A police officer fractured his hand after punching a suspect in the head.  I used E code _E960.0 Unarmed fight or brawl_.  I had looked at using_ E975 Injury due to legal intervention by other specified means includes: Blow :: :: Manhandling_, but the description in our encoder and in the CDR makes it sound like this is used for injuries inflicted by the police (_;LEGAL INTERVENTION E970-E978 includes:  (*injuries inflicted by the police* or other law-enforcing agents, including military on duty, in the course of arresting or attempting to arrest lawbreakers, suppressing disturbances, maintaining order, and other legal action) :: :: legal execution_)

I am being told that I need to use E975 instead of E960.0.  Any help with this would be appreciated.


----------



## hewitt (May 11, 2012)

Hum.... E960 notes state, "Excludes injuries due to: legal intervention...," and directs us to use E970-E978. Also, the annotation note for E975 states, "...E975 is used to report an injury due to legal intervention by other specified means.
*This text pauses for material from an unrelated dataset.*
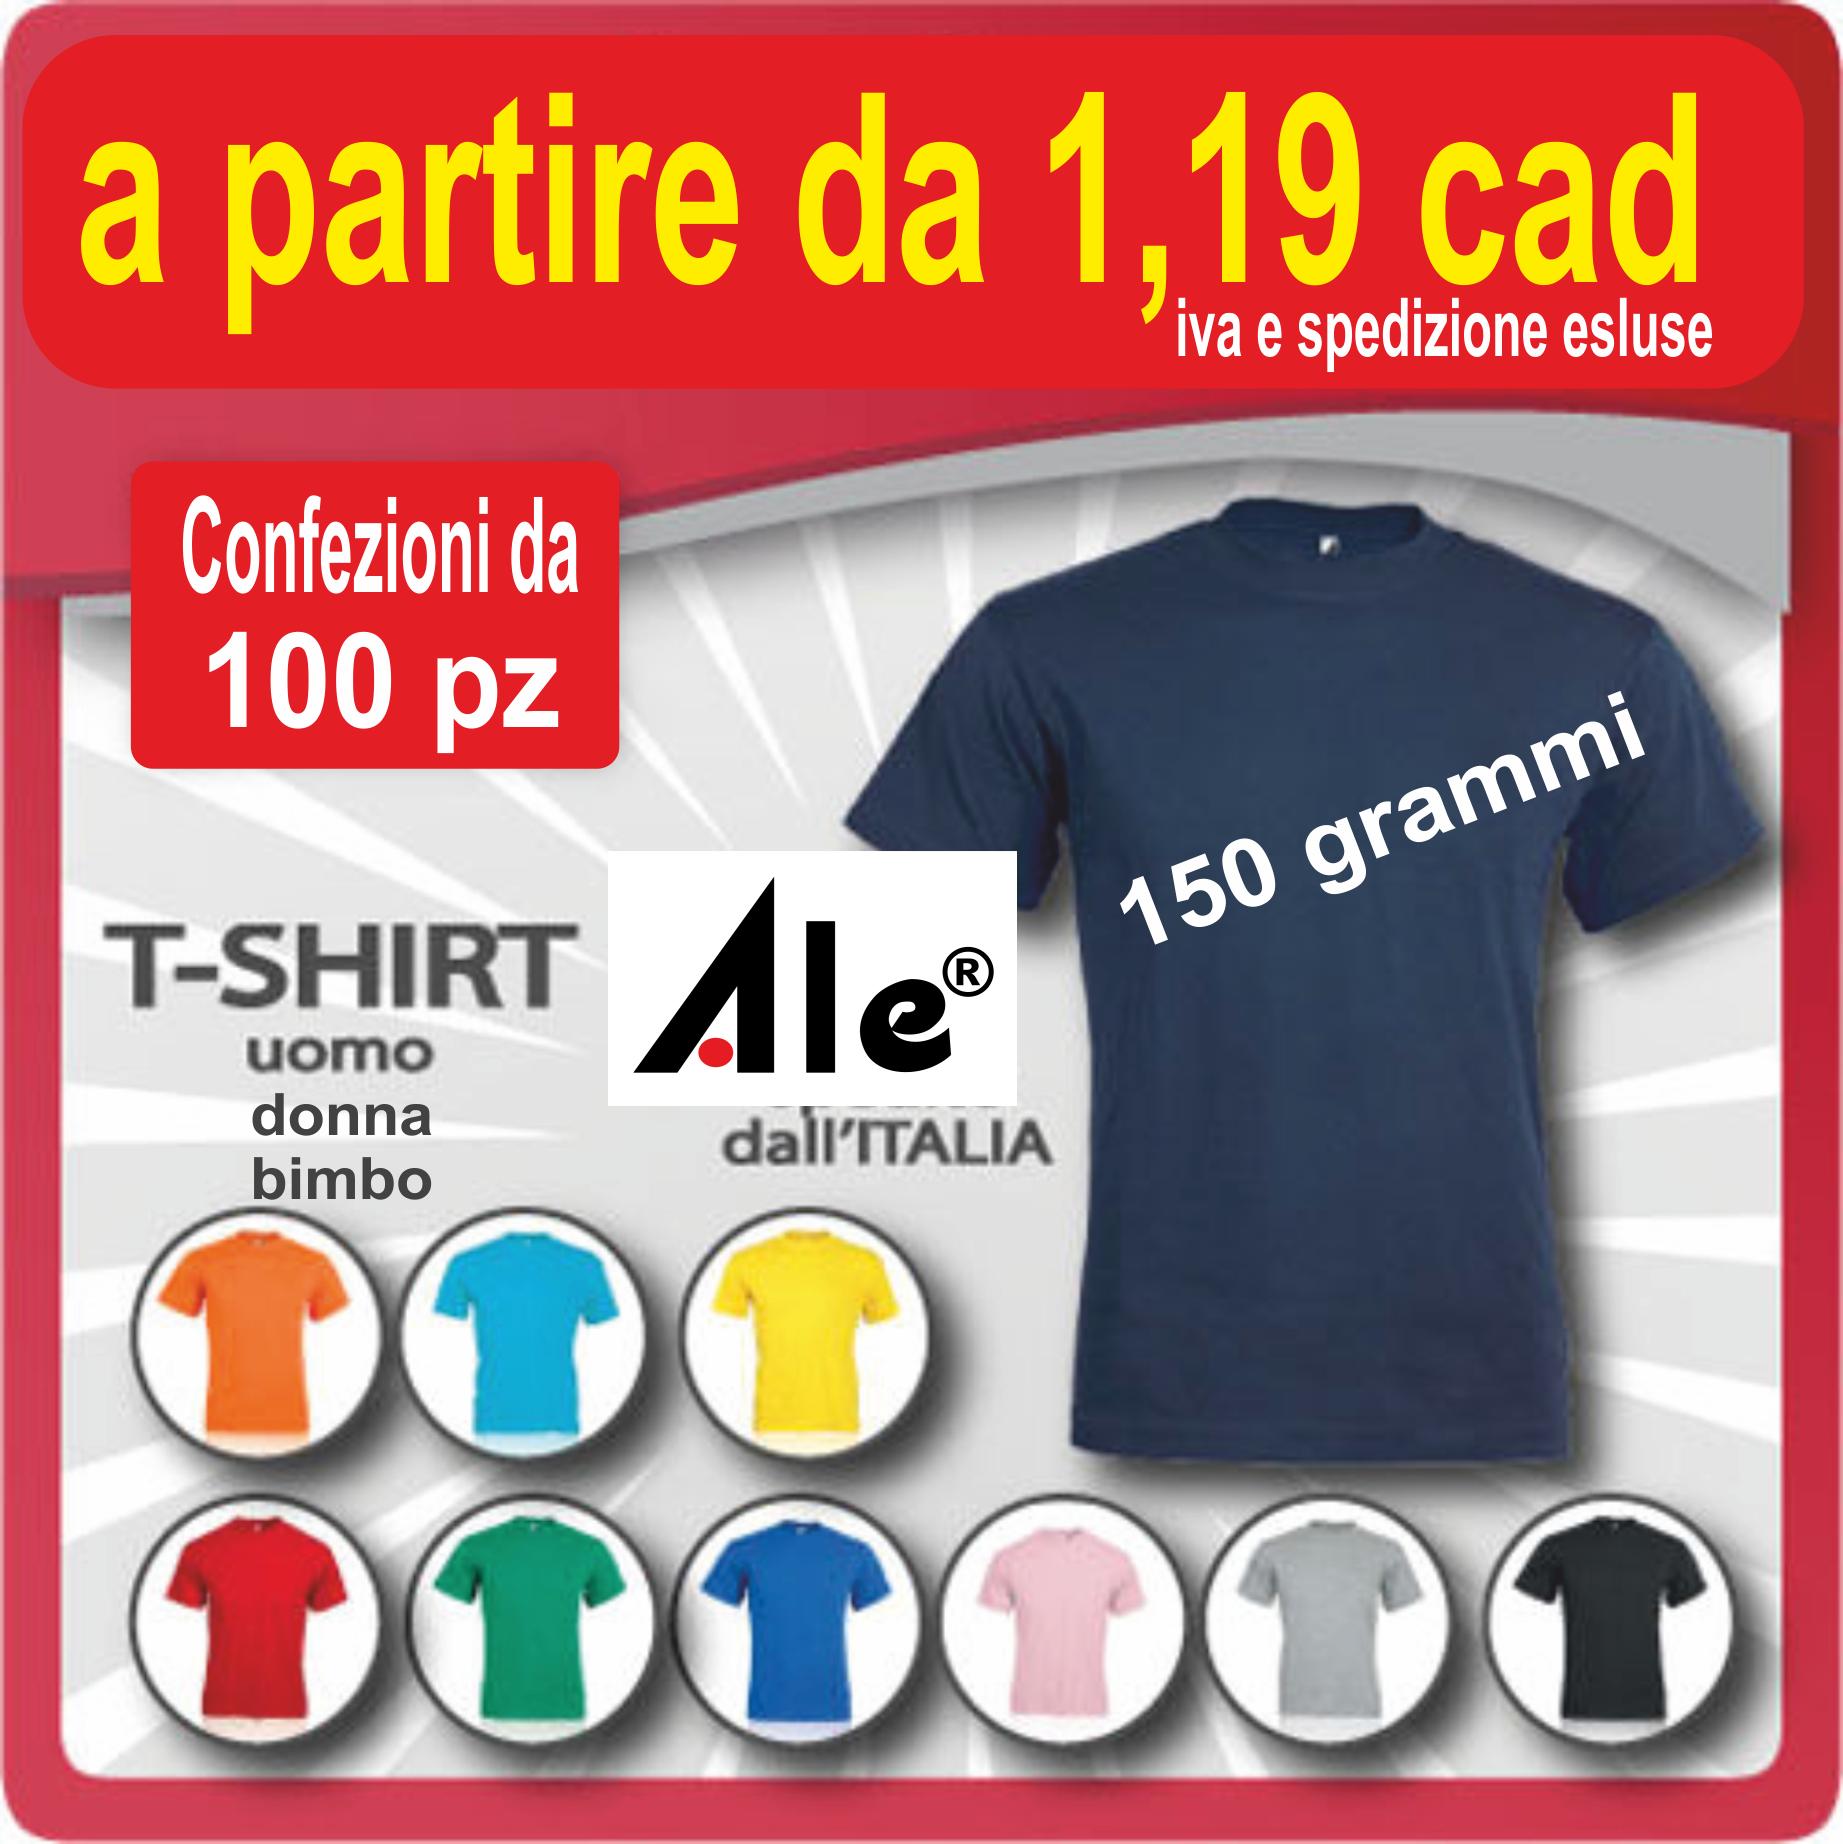 maglietta  da 1,19 euro

Use this code if the other legal intervention codes do not apply. This includes injuries by a blow or by manhandling." I would agree that E975 is a better ICD-9, per the detail you've given.


----------



## ollielooya (May 11, 2012)

I tend to agree with hewitt as I wasn't comfortable assigning 960 with the "excludes" notes for the category.  Also "unarmed" fight or brawl doesn't exactly fit, which leaves E975.  It seems to describe the situation better.  I'd like to follow thru more on this.  Is an activity code approprate here or necessary, and what about the external cause status code E000.0?


----------



## hewitt (May 11, 2012)

I do not think E975 is the "best" code, and should not be coded alone.... I'm sure that jojo2922 already knows this.... I agree, Suzzane, other ICD-9s should be used to better explain the resulting trauma.


----------



## jojo2922 (May 11, 2012)

*Thanks*

Thanks everyone I appreciate the input and no that's not the only E code I'm coding but the only one we were disputing.  I had also coded E000.0 done for income, E849.1 farm and E029.9 other activity.  There weren't too many details about what happened other than the officer punched someone in the head and that they were on a farm.


----------



## Sueedwards (May 14, 2012)

I would use the E975 and use the E codes for at work.  I feel that it is more of a legal intervention, and if this record goes to court, stating it was an legal intervention than a fight or brawl describes the situation more.... and using the farm; at work; and E000.0 as well... 

interesting case... thanks for sharing.


----------



## mahicutesay (Jul 22, 2014)

I think E975 series must go with this condition.


----------



## mahicutesay (Jul 23, 2014)

i am bit confused, if its written an altercation had done in between mother, police and child, so what will be the appropriate E code? Either E960.0 or E968.9?? Please advice


----------